Using Python, we can easily read a bunch of text files and count their words, but we'd run into a scaling problem very quickly. Some words are used hundreds of times, but others appear only once or twice. Instead of using z-scores like we have in the past, the field of Information Retrieval uses a technique called [TF-IDF (term frequency–inverse document frequency)](https://programminghistorian.org/en/lessons/analyzing-documents-with-tfidf) to normalize word counts based on how likely they are to appear. Sci-kit learn has a single class, `TfidfVectorizer()` that lets us do all of this in one step. You'll need that along with some new Python libraries to read in the zipped files and convert them into a dataframe of TF-IDF counts.

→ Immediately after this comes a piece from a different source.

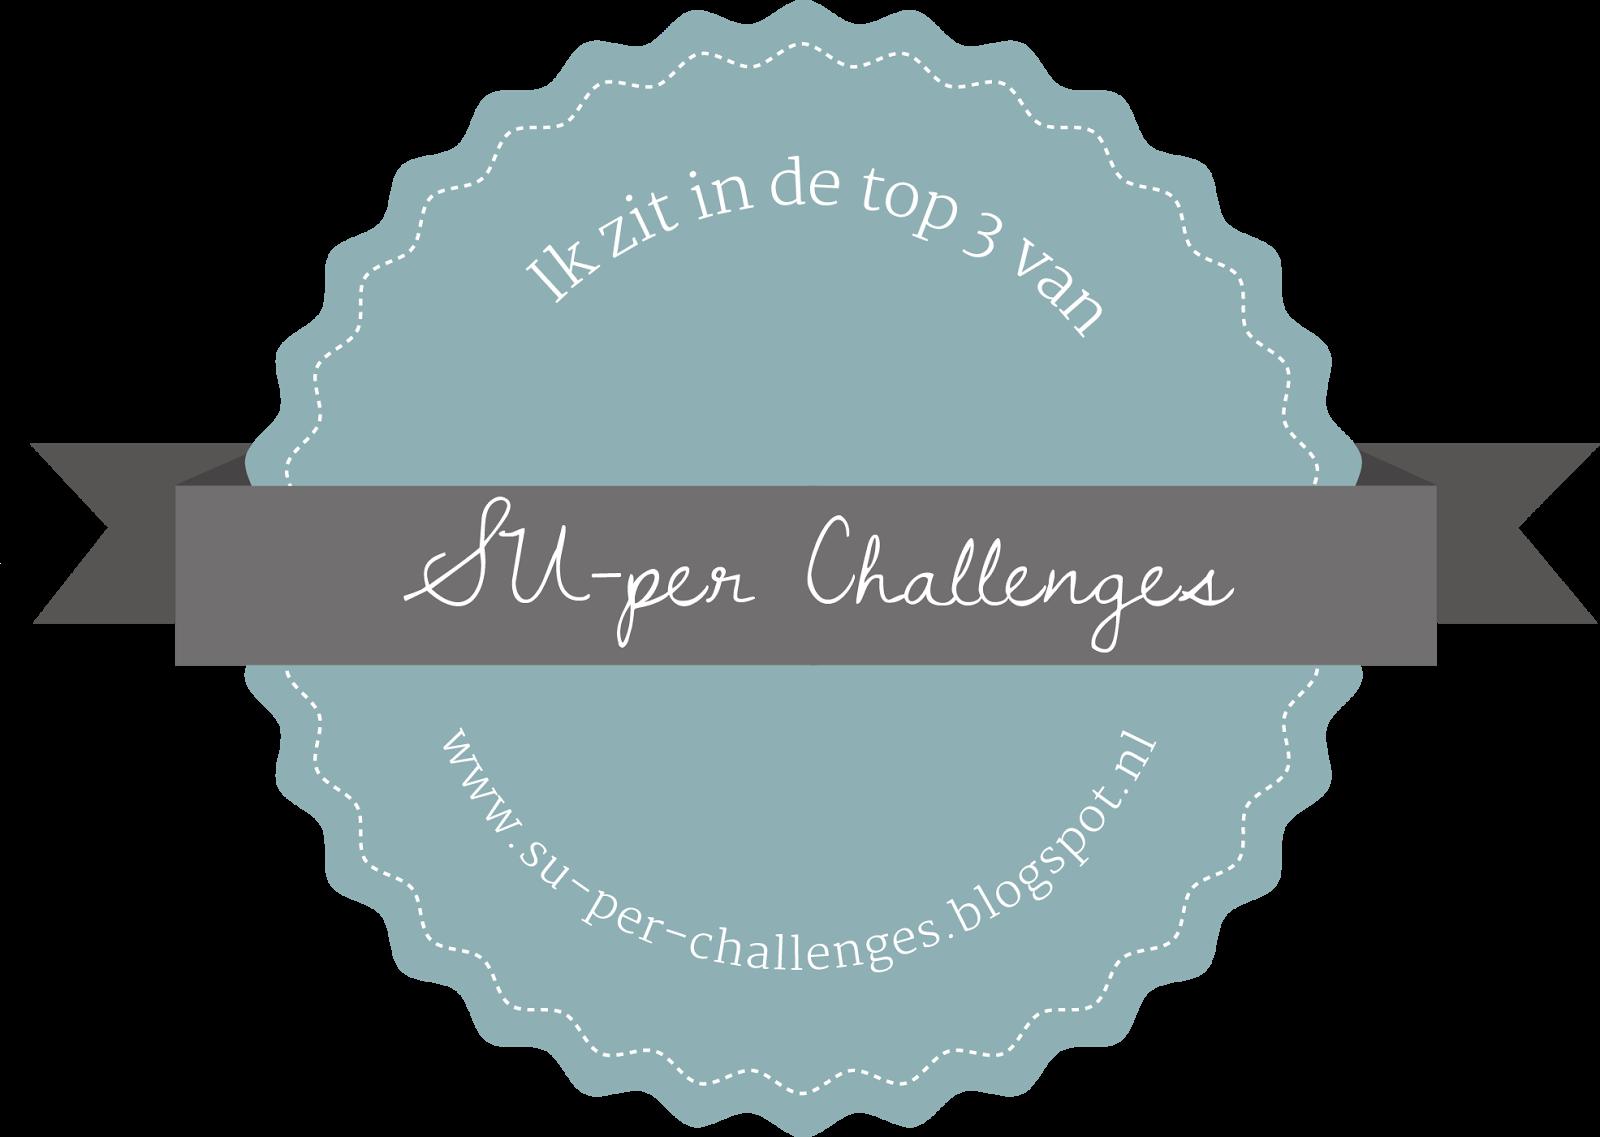 Top 3 bei Su-per Challengeblog

Look up the documentation for `TfidfVectorizer()` and see if you can figure out what to do. Don't spend more than 5 or 10 minutes puzzling it over, though. When you're ready, you can reveal the solution.

<details>
<summary>Click here for the TF-IDF solution</summary>
<pre><code># The new libraries
import requests, re, zipfile, io
import pandas as pd
from sklearn.feature_extraction.text import TfidfVectorizer

#Empty lists for titles and texts
titles = [] #use as row labels
texts = [] #the data we will analyze

shakeszip = requests.get("https://jrladd.com/CIS241/data/shakespeare.zip")

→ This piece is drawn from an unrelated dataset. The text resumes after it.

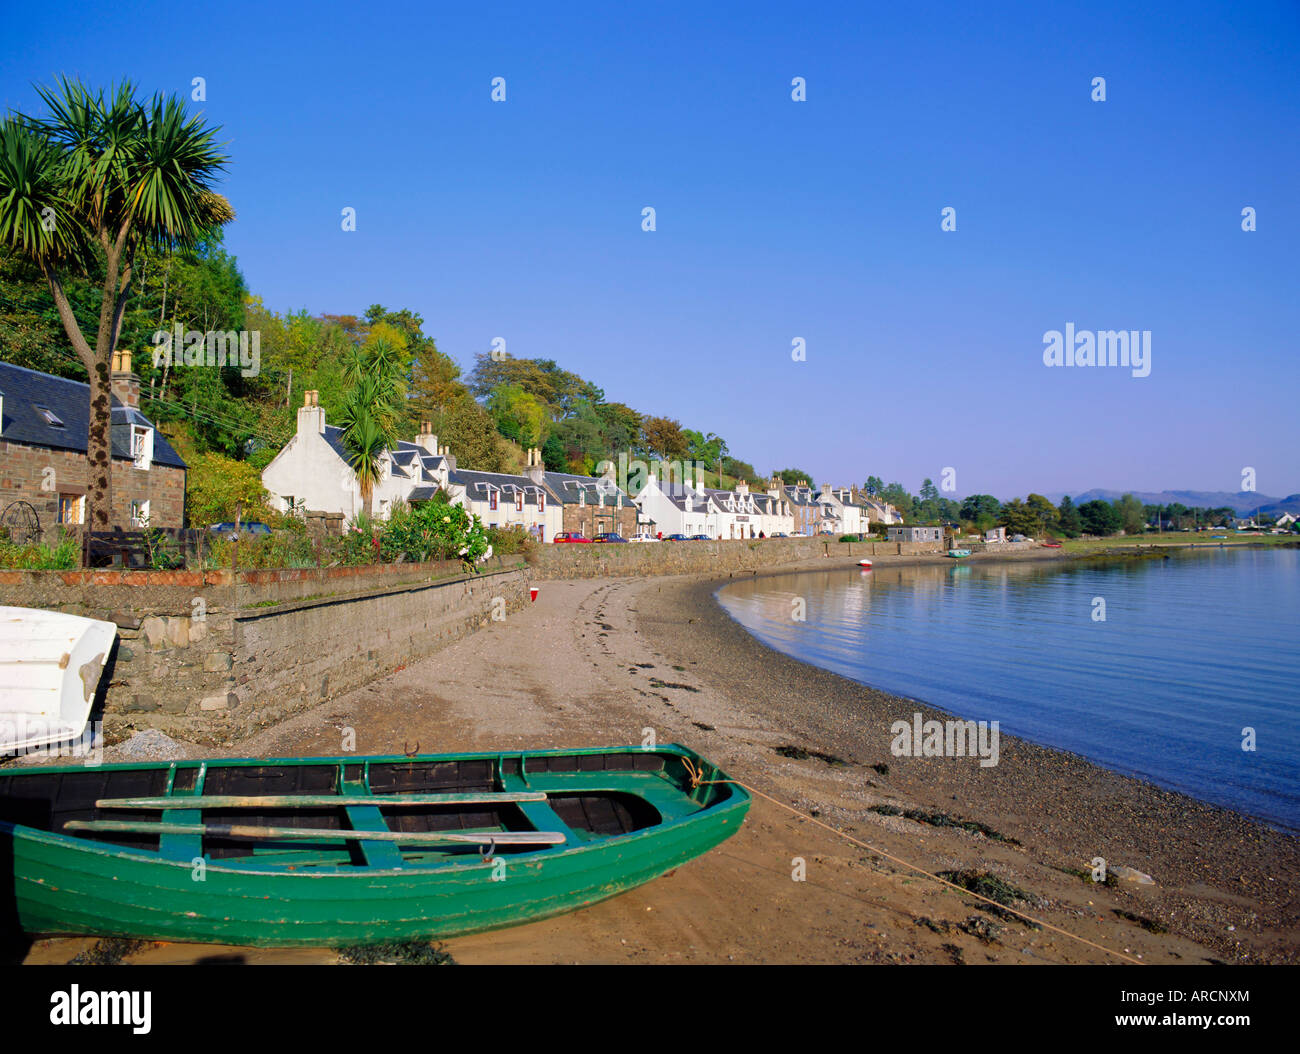 Plockton, North West Highlands, Highlands Region, Scotland, UK, Europe - Stock Image

#Unzip the folder, get all the files out, and save the play titles
with zipfile.ZipFile(io.BytesIO(shakeszip.content)) as myzip: # Look inside our zipfile
    for i in myzip.infolist(): # Loop through each file
        if i.is_dir() == False and i.filename.startswith('__MACOSX') == False: # Filter out the pointless duplicates
            titles.append(re.split(r"/|_TXT",i.filename)[1]) # Add titles to list
            texts.append(myzip.read(i.filename)) # Add the text to list

#Create a vectorizer instance, save only 100 words
vectorizer = TfidfVectorizer(max_features=100)

#Transform files into TF-IDF
shakespeare = vectorizer.fit_transform(texts)
#Turn vectorizer results into readable dataframe
shakespeare = pd.DataFrame(shakespeare.toarray(), index=titles, columns=vectorizer.get_feature_names_out())
shakespeare</code></pre>
</details>

**In the cells below, import the necessary libraries for TF-IDF and KMeans clustering, read in the Shakespeare files, and turn them into a dataframe of TF-IDF values**:

# K-Means Clustering

Now you have some data: normalized counts of the most frequent 100 words in Shakespeare's plays.

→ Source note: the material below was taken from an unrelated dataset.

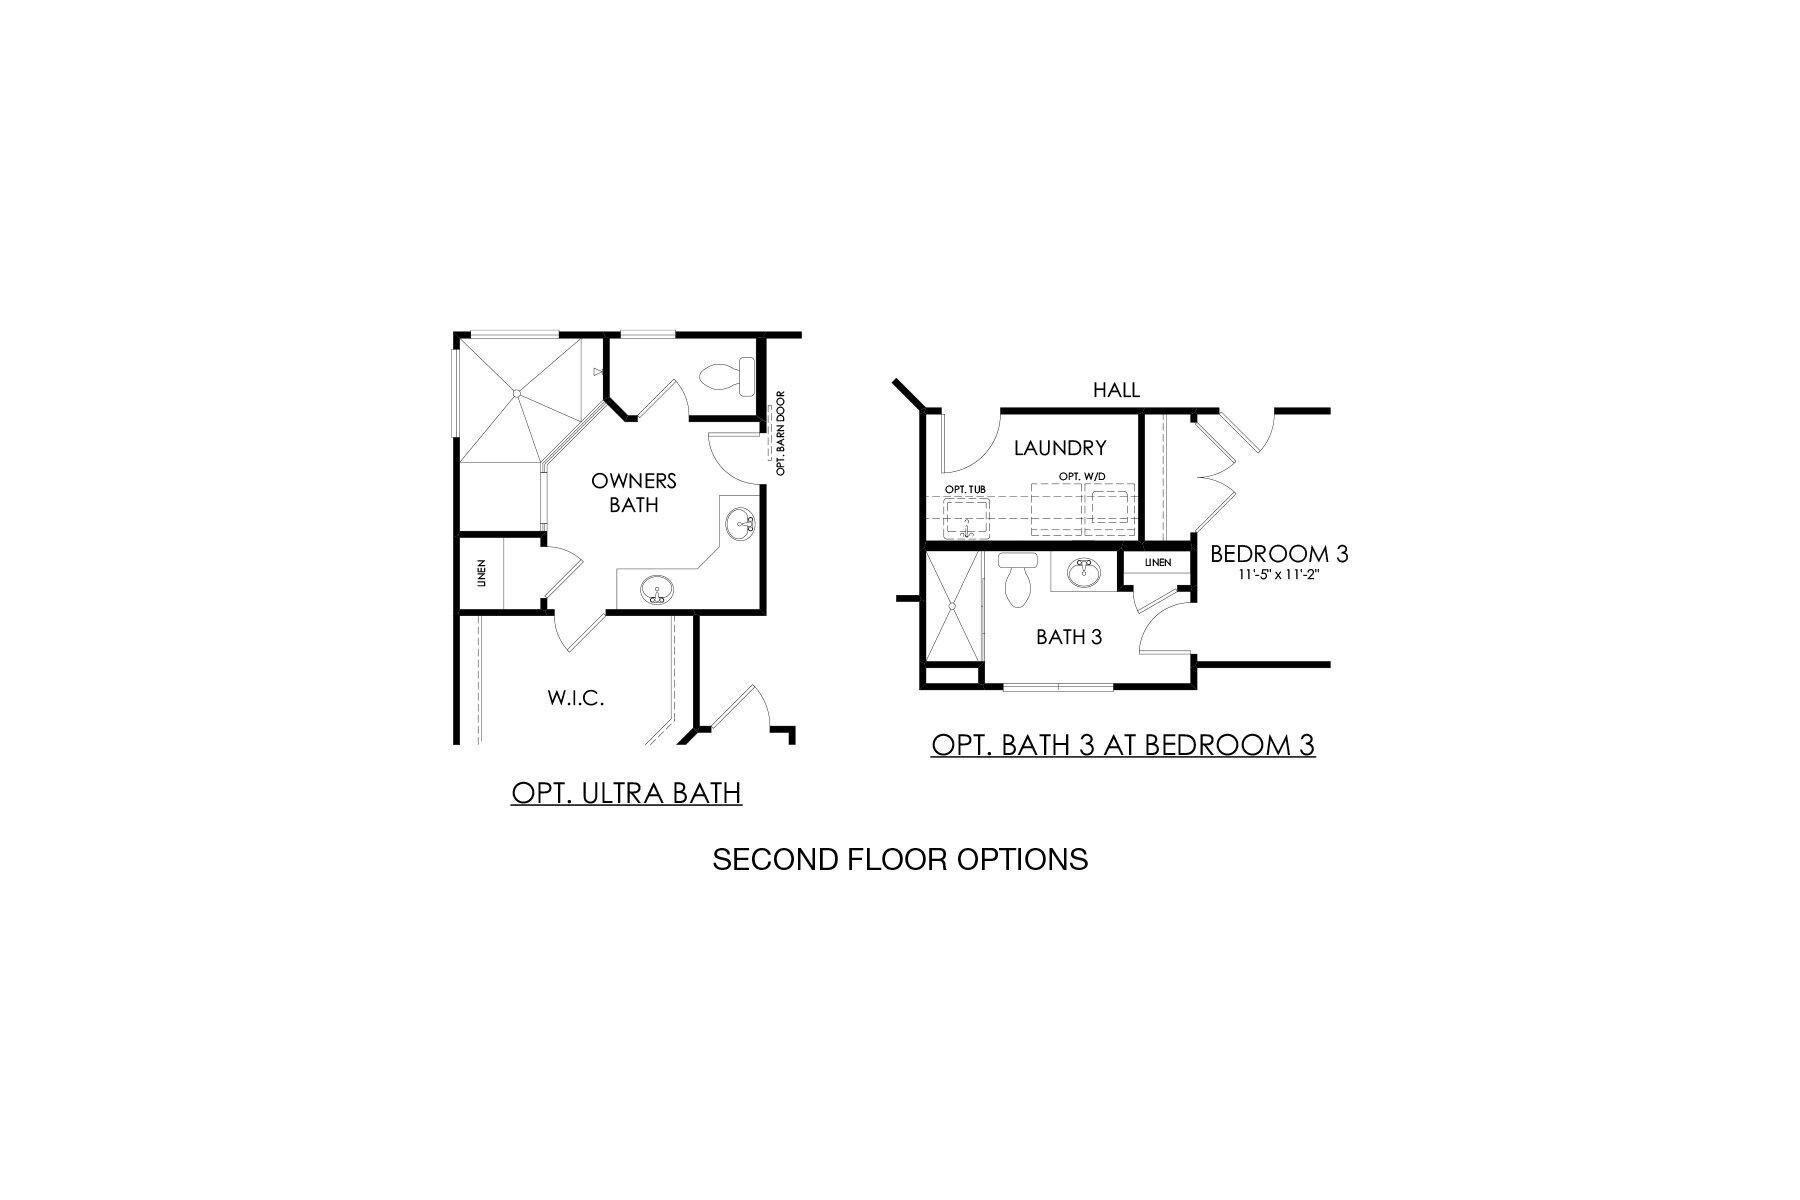 Stanley Second Floor Options

In this next section, do the following:

1) Determine the number of clusters you will need. Consider the explanation written above, but also try the **elbow method**. Explain *why* you chose the value for K that you did. *Because you're using TF-IDF for scaling, you do **not** need z-scores*.
2) Run K-Means clustering on the Shakespeare data. Look at the results to see if they match what literary scholars think about how different plays go together (i.e. do they match the table of contents above?). Write down some of your thoughts.
3) Assess your clustering model by looking at the size of the clusters and a visualization of the cluster means. Did your model do a good job? What features seem to be separating the clusters? Write down some ideas, and suggest one or two next steps.